Introduction to Microprocessor & The 8085 Programming Model

Introduction to Microprocessor

A microprocessor is a multipurpose, programmable, clock-driven, register-based electronic device that reads binary instructions from a storage device called memory, accepts binary data as input and processes data according to those instructions and provides result as output.

Figure:- Traditional block diagram of a computer

Figure:- Block diagram of computer with the Microprocessor (MPU)

Generation of Microprocessor

1st Generation: This was the period during 1971 to 1972 of microprocessor’s history. In 1971, INTEL created the first microprocessor 4004 that would run at a clock speed of 108 KHz. During this period, the other microprocessors in the market including Rockwell international PPS-4, INTEL-8008 and National semiconductors IMP-16 were in use. But, all these were not TTL compatible processors.

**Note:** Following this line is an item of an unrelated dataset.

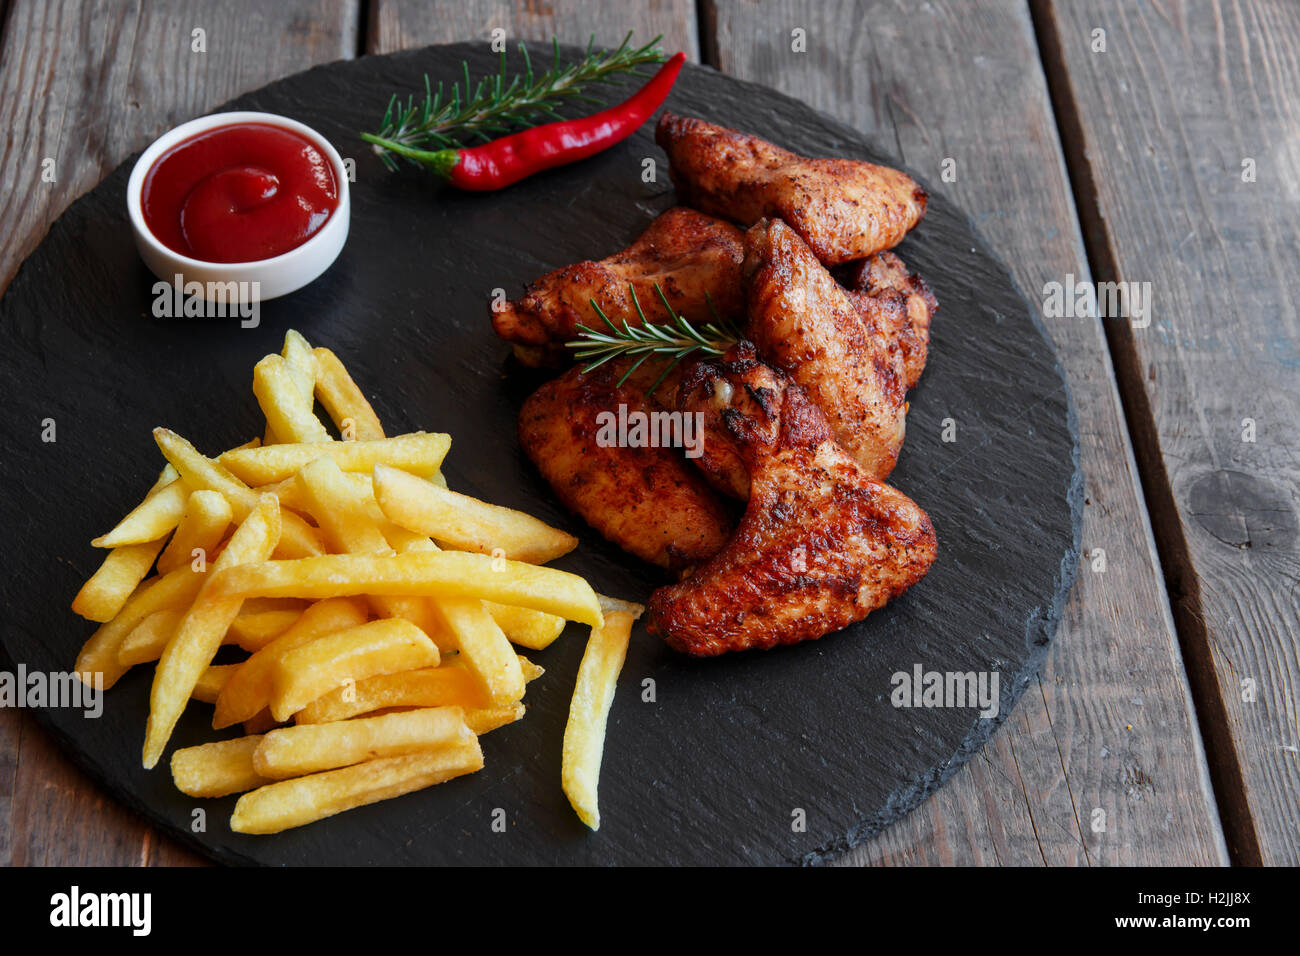 Fried roasted chicken wings french fries and sauce Stock Photo

2nd Generation: This was the period during 1973 to 1978 in which very efficient 8-bit microprocessors were implemented like Motorola 6800 and 6801, INTEL-8080, INTEL-8085 and Zilogs-Z80, which were among the most popular ones. Owing to their super fast speed, they were costly as they were based on NMOS technology fabrication.

3rd Generation: During this period 16 bit processors were created and designed using HMOS technology. From 1979 to 1980, INTEL 8086/80186/80286 and Motorola 68000 and 68010 were developed. Speeds of those processors were four times better than the 2nd generation processors.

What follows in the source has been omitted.